So Jason and I last night were making a list of all the things new start-ups do wrong.. it's long list, but we distilled it to some interesting points:
1 - Don't bet against the consumer. They ALWAYS get what they want. Sometimes it takes a bit of time, but they always win in the end. The more your business model requires thwarting or subverting customer desires, the faster you will fall from grace. Microsoft learned this, AOL learned this. Steve Jobs, are you listening!
2 - Never try and solve a problem for an industry or business. Solve a problem for a customer. a 1% improvement in a customer's experience is the easiest sale in the world. a 1% improvement in business efficiency, with no benefit to the customer is a far harder sale. Think on this a while and you'll see it's true.
3 - Don't build a business which does something else which is already being done, "almost as good" as that thing. In the music business there are like 10 online radio - streaming services. none of which hold a candle to Last.FM (met him yesterday btw, lovely chap) or Pandora. If it's not a noticeably better user experience.
4 - People will pay with money, they will pay with attention , they will pay with their data. But the less significance you can place on the purchase decision and the more significance you can put on the benefits, experiential, commercial, lifestyle of the result of the purchase, they are less aware of it as they incur the charges. This is why Amazon's one click was so brilliant. What we need now is Snocap+amazon 1-click in a widget. oops did I say that out loud?

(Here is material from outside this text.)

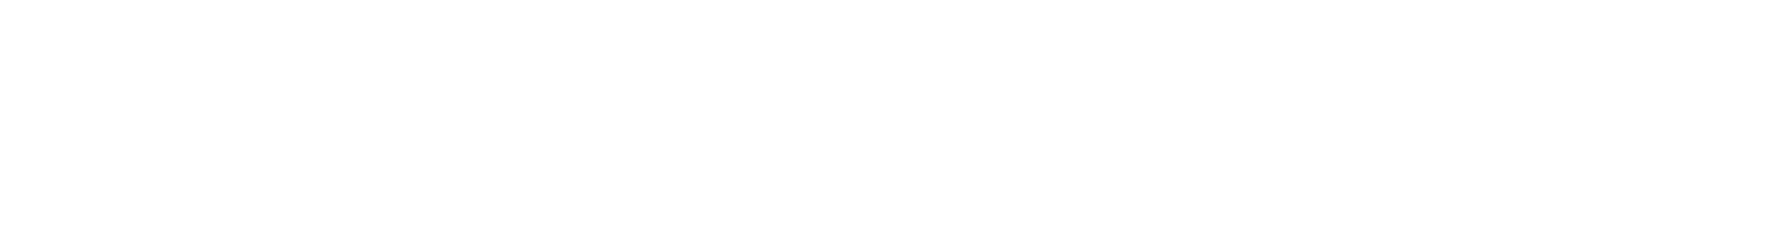 ELATT Resources Logo - White Version

5 - Its a distributed world. Forget building anything in a giant monolith, build tiny distributed things that connect together and are more powerful or move things closer and more handy to consumers. Again, the better the user (customer) experience = you win.
6 - When you are pitching, ALWAYS listen to the objections. even when you disagree, listen. when you here the same one over and over, take some time to think about why. If your customers are telling you something - listen to them for God's sakes. Why is it that so many entrepreneurs think their customers, who have all had to fight, claw, manipulate and grow into the position of being the person who has purchasing authority might have missed learning a thing or two on the way there. I can't tell you how many pitches I've been in (on both sides) where a particularly excited entrepreneur began bickering with, or in one case YELLING at a customer.
Remember the 1st rule, the customer always gets what he wants. your goal is to give it to him.